En 1967-1968, le nom d’Aquin est sur toutes les lèvres, du moins celles qui parlent de politique. On l’invite à prendre la parole partout. À Sept-Îles, le 9 décembre 1967, il annonce officiellement qu’il se joint au Mouvement souveraineté-association (MSA) de René Lévesque. Il dit : « Il n’y a qu’un homme qui peut prendre la direction du grand parti qui, demain, fera un Québec indépendant, un Québec renouvelé et fraternel, et cet homme c’est René Lévesque. »

Mais Aquin souhaite du même souffle que des négociations permettent d’unir au plus vite le RIN aux troupes de Lévesque. Ce que ne souhaite pas spécialement ce dernier, pour des raisons tant idéologiques que stratégiques et personnelles.

Auprès de Lévesque, Aquin va représenter l’aile gauche au sein de l’exécutif du MSA. En avril 1968, devant les 4500 personnes réunies à l’aréna Maurice-Richard autour de ces deux vedettes au congrès de fondation du MSA, les tensions se font vite sentir entre les deux hommes.

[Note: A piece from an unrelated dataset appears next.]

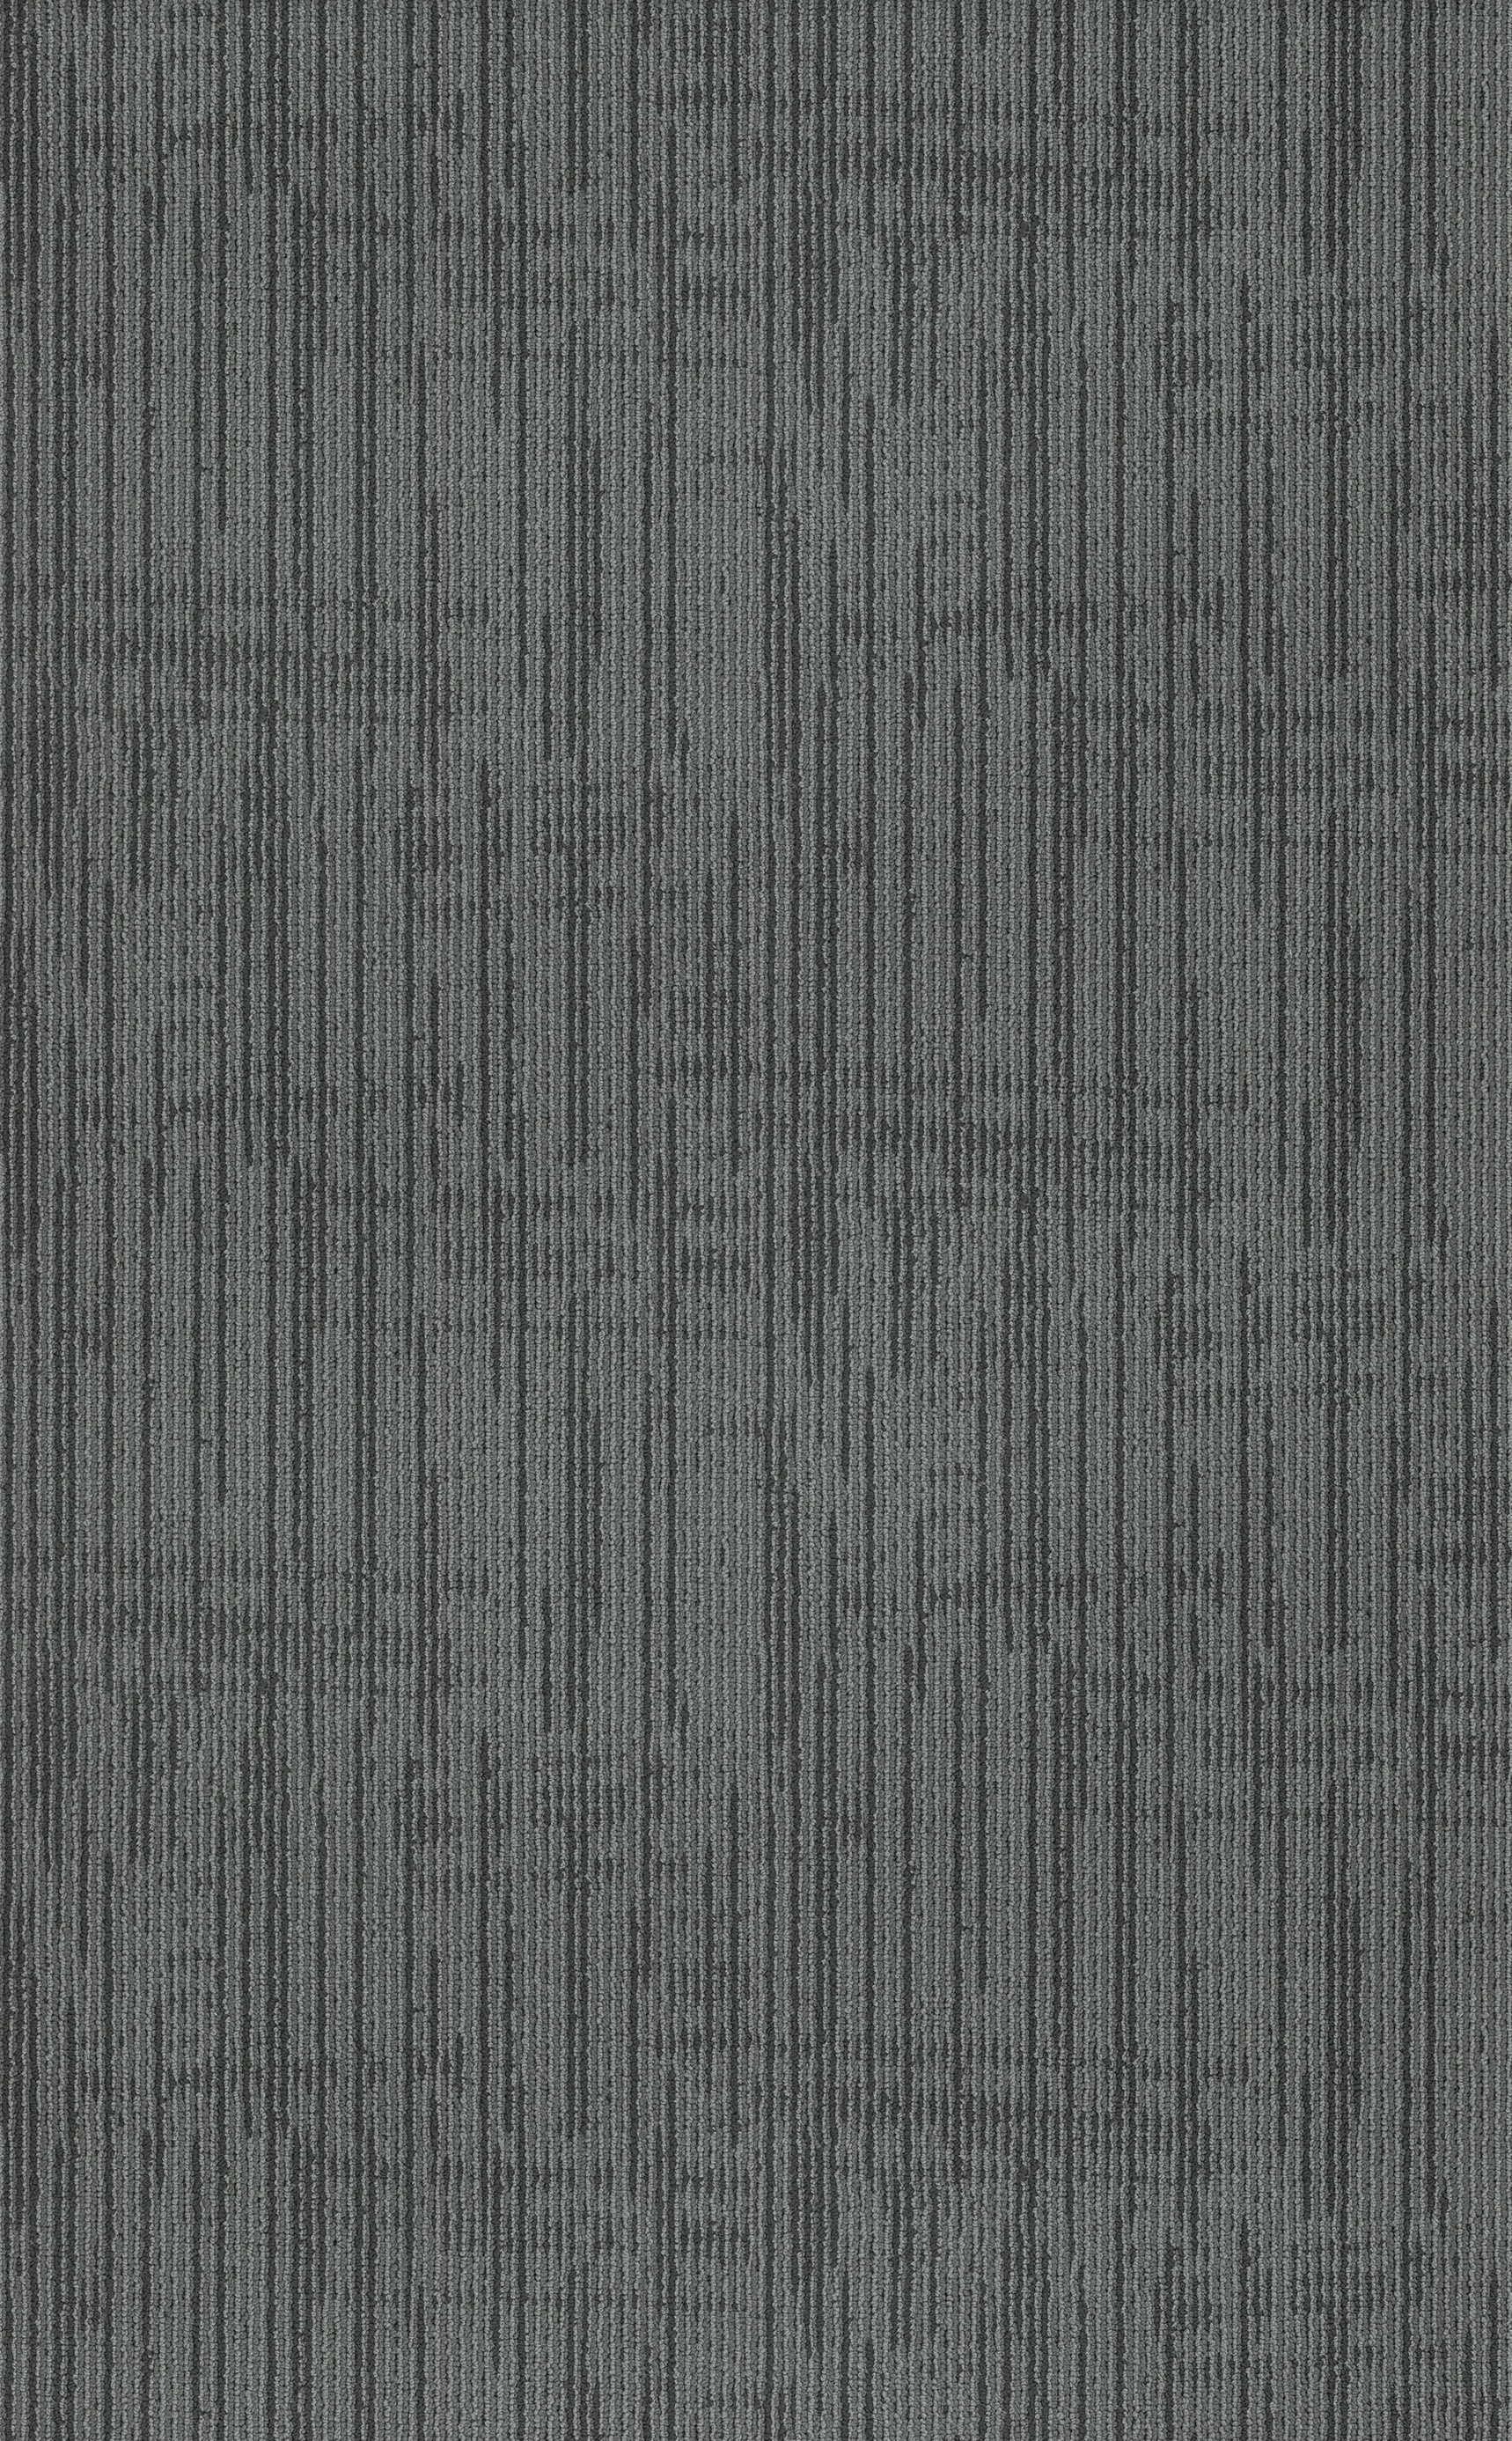 威牛--地毯纹

Très sensible à l’urgence de défendre le français au nom même de l’avenir de l’État qu’il aspire développer, Aquin se retrouve en opposition face à son ancien collègue libéral. Aquin soutient par exemple qu’il faudrait restreindre l’assistance sociale aux familles immigrantes qui refuseraient d’envoyer leurs enfants dans une école française, ce qui a l’heur de déplaire à Lévesque. Pour ce dernier, c’est là vouloir remplacer une injustice par une autre. La question de la langue d’enseignement dans les écoles bat alors son plein et s’avère extrêmement sensible. Et les divisions sont nombreuses sur cette question.

Cette opposition avec René Lévesque le conduit à quitter le MSA le 29 juillet 1968, tout en continuant de militer en faveur de l’indépendance du Québec. Ce jour-là, après 1 h 45 de discussions avec l’exécutif du MSA, il conclut que trop les sépare. La question linguistique d’abord, mais aussi la question internationale. Selon Le Devoir daté du lendemain, Aquin « voudrait une véritable « décolonisation » du Québec vis-à-vis des États-Unis ». En outre, affirme Le Devoir, il n’est pas du tout d’accord avec la façon dont le MSA conduit les négociations avec les autres groupes indépendantistes en vue d’une éventuelle union. Aquin n’en affirme pas moins qu’il va continuer de soutenir en chambre son collègue Lévesque, devenu tout comme lui un député indépendant et la cible d’attaques de la part de leurs anciens camarades libéraux.

Déçu, François Aquin démissionne de son poste de député le 20 novembre 1968. Il retourne à la pratique du droit puis à l’enseignement. Il sera appelé à jouer divers rôles de conseiller, tout en écrivant assez régulièrement sur des questions juridiques et occasionnellement sur des questions politiques.

Né à Ville-Émard le 6 mars 1926, fils d’un menuisier, François Aquin a mené ses études chez les jésuites, au Collège Ville-Marie. Il est d’abord tenté d’entrer dans cette compagnie mais sa foi vacille et il se dirige finalement vers l’étude du Droit. Après des études à l’université McGill, il est admis au barreau du Québec en 1956. Il exerce son métier d’avocat jusqu’en 2012. Il a aussi enseigné de 1969 à 1989 à l’Université de Montréal. François Aquin a notamment été formateur des juges de la Cour du Québec, de la Cour Supérieure et de la Cour d’appel lors de la réforme du Code civil en 1994. Il est décédé le 23 novembre à Laval.